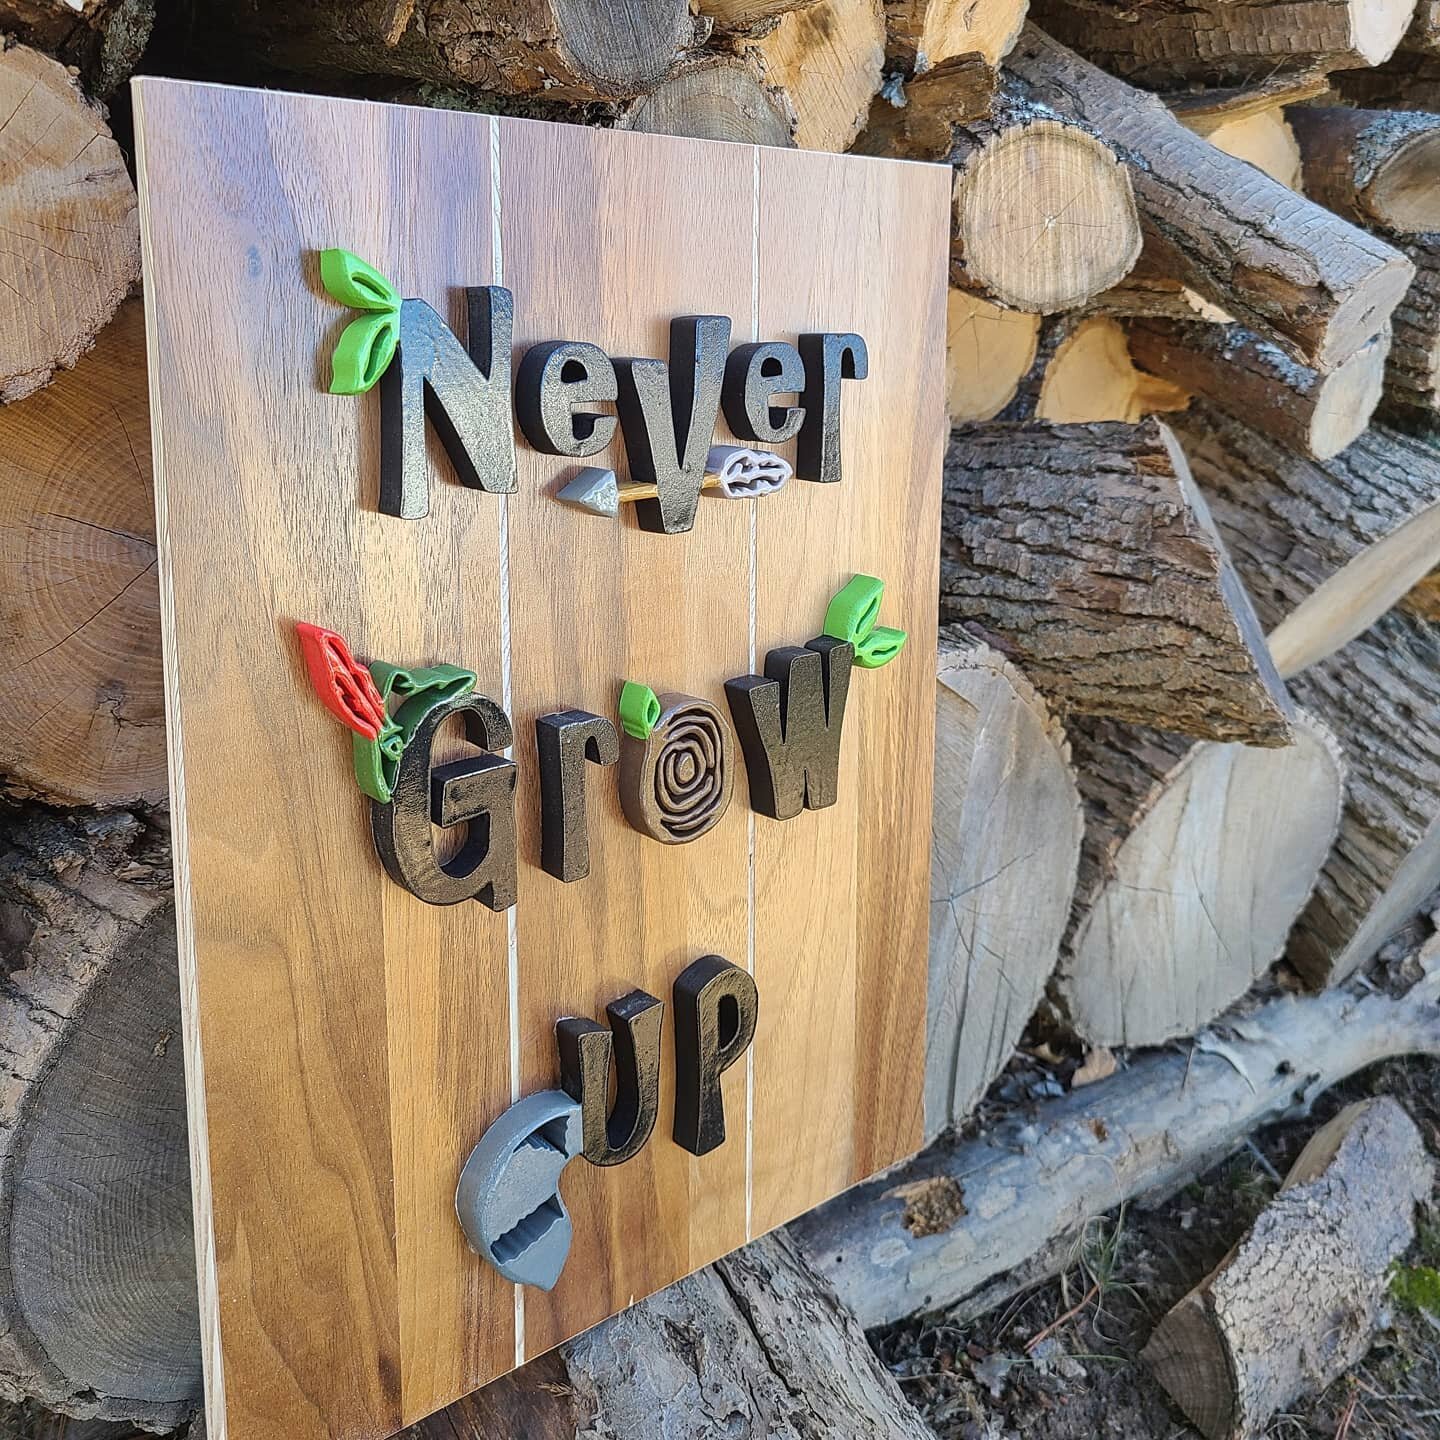 I have 2 of these adorable Peter Pan signs available on my website jparisdesigns.com!
.
.
Design by @jennylynnwestdesign  on Etsy.
.
.
.
.
#peterpan #nevergrowup #disney #disneysign #disneydesign #lostboys #neverland #neverneverland #peterandwendy #n
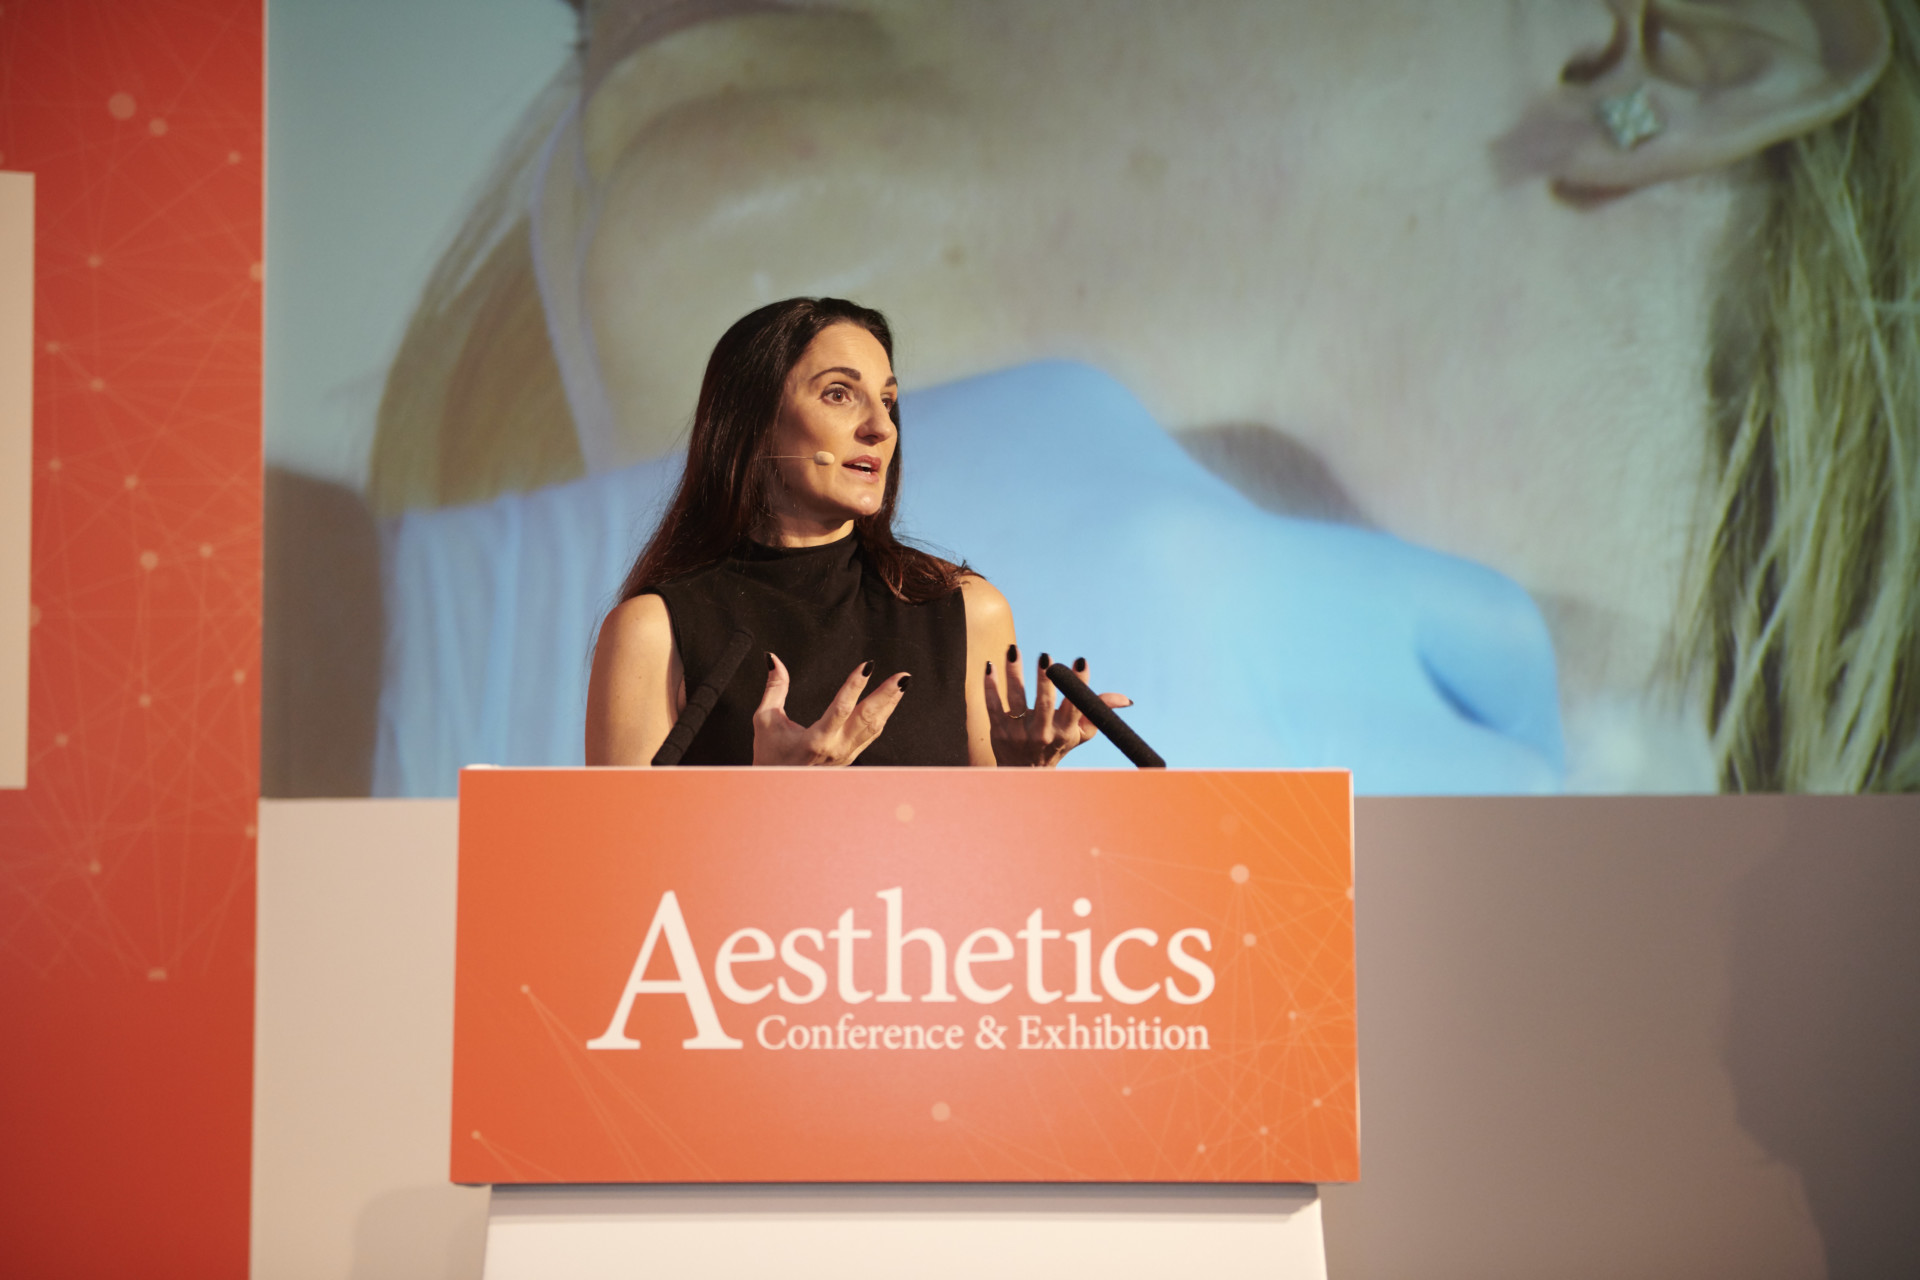 Aesthetics Conference and Exhibition further posponed

-*-*-

## Task description
Give the data above again, exactly and completely. No pictures go in.

## Task output
 I have 2 of these adorable Peter Pan signs available on my website jparisdesigns.com!
.
.
Design by @jennylynnwestdesign  on Etsy.
.
.
.
.
#peterpan #nevergrowup #disney #disneysign #disneydesign #lostboys #neverland #neverneverland #peterandwendy #n
 Aesthetics Conference and Exhibition further posponed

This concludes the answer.